День позора
23.08.2023 16:46
День позораВ календаре нет такого официального праздника, да и какой нормальный человек назовёт праздником – День позора?

Вот и Оля считала себя абсолютно нормальной женщиной, не склонной к авантюрам или, боже упаси, эпатажным поступкам. Правда, некоторые поговаривали, что Олечка с лёгким присвистом. Но куда ж без этого, если ты художница?

Оля писала цветные пятна, брызги и улиток с большими человеческими глазами. И хотя род её деятельности не имеет прямого отношения к данному происшествию, но именно он подчёркивает некоторую импульсивность героини и её творческую рассеянность.

Ах, если бы Олечка только знала, чем обернётся для неё тот злосчастный летний день, она бы ещё с утра затаилась как мышка и носу бы не высунула из квартиры.
А виной всему лохматая шуба.

Нормальный человек спросит: какая может быть шуба летом? Вот и Оля так подумала – какого чёрта эта старая шуба до сих пор болтается в платяном шкафу и занимает столько места? Из чьего меха шуба, Оля не знала, не носила её уже лет сто, но в начале каждой зимы неизменно примеряла с робкой надеждой, что фасон вернётся в моду, и каждый раз убеждалась – нет, в этой шубе она похожа на Чудовище из «Аленького цветочка».

Не дожидаясь зимы, Оля сняла шубу с вешалки, накинула её на ночнушку, покрутилась у зеркала, но чуда не произошло и в этот раз. Всё, никаких сомнений, барахло на помойку! Или, может, всё-таки перешить в полушубок? Продать за символическую цену в меховое ателье? Где-то она видела такое объявление, то ли в почтовый ящик бросали, то ли повесили в подъезде на доске информации…
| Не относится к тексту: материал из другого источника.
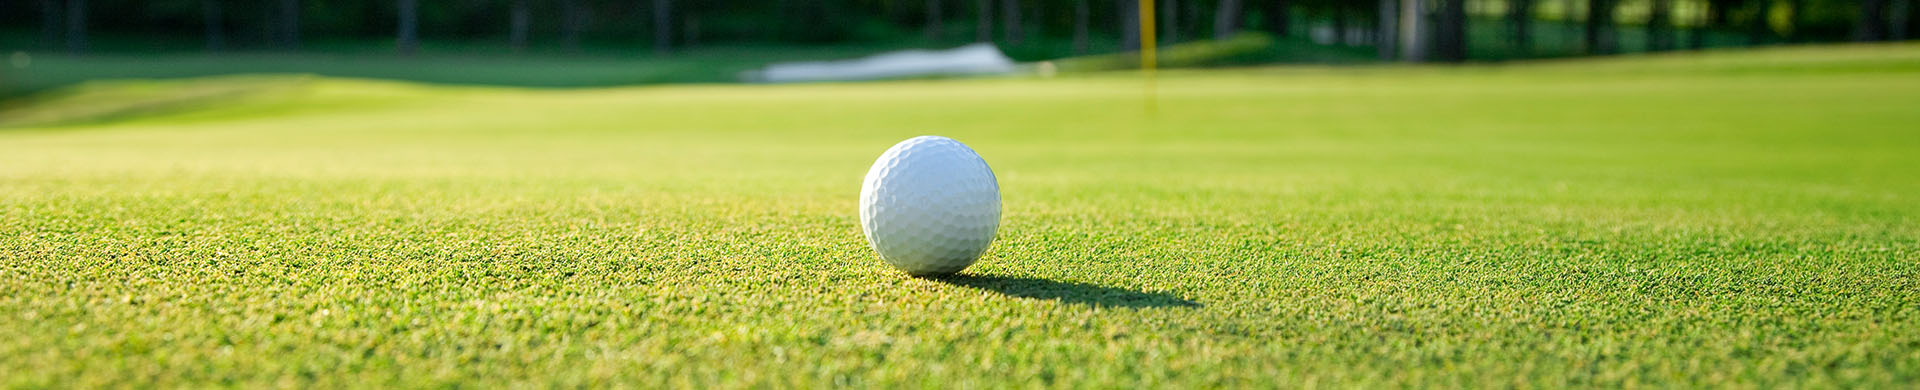 Close up on a golf ball on a putting green.

Точно, рекламка насчёт оценки и скупки старых шуб наклеена в лифте! Оля решила сфоткать объявление на мобильный, но вспомнила, что тот на зарядке. Тогда она вооружилась первым попавшимся маркером, схватила со стола какую-то газету, чтобы записать телефон ателье, и прямо в шубе вышла из квартиры.

По счастью, на лестничной клетке соседей не было. Оля вызвала лифт, он прибыл на её девятый этаж, гостеприимно разъехались двери. Оля ступила внутрь и застыла в досаде: рекламный постер ателье сорвали, а на его месте чёрным маркером красовался свеженарисованный мужской половой орган. В довесок, чтобы у зрителей отпали всякие сомнения, под изображением было размашисто написано слово из трёх букв.

Пока Оля с придирчивостью художницы рассматривала рисунок, двери лифта сомкнулись и он поехал вниз. Бедная женщина судорожно нажимала на все кнопки, пытаясь остановить дурацкий лифт и вернуть его на свой этаж, но коварная ловушка неумолимо везла её на первый. Воля и разум окончательно покинули Олю, когда лифт дошёл до цели и двери разъехались. Перед Олей стояли два разнополых человека в летних шортах, сланцах и панамах, женщина обмахивалась веером.

– Добрый день! – поприветствовала парочку Оля. – Жарковато сегодня, не правда ли?

Женщина вопросительно сложила веер, ожидая, когда Оля покинет лифт, но та не собиралась выходить. Да и куда ей идти? Притвориться, что она решила прошвырнуться в магазин по тридцатиградусной жаре в зимней шубе?

– Заходите, пожалуйста! – Оля сделала приглашающий жест рукой. – А я просто так, катаюсь тут… Вам на какой этаж?
– Нажимай девятый, Оля, – озадаченно сказала женщина с веером.

«О, боже, она меня ещё и знает!» – ужаснулась Оля и нажала кнопку своего этажа.

– Это не я рисовала, – поспешила она оправдаться насчёт непристойного рисунка и воровато спрятала за спину маркер.
– Конечно, конечно, – как-то неубедительно согласилась женщина, разглядывая на Оле неуместную лохматую шубу и зажатую в руке газету.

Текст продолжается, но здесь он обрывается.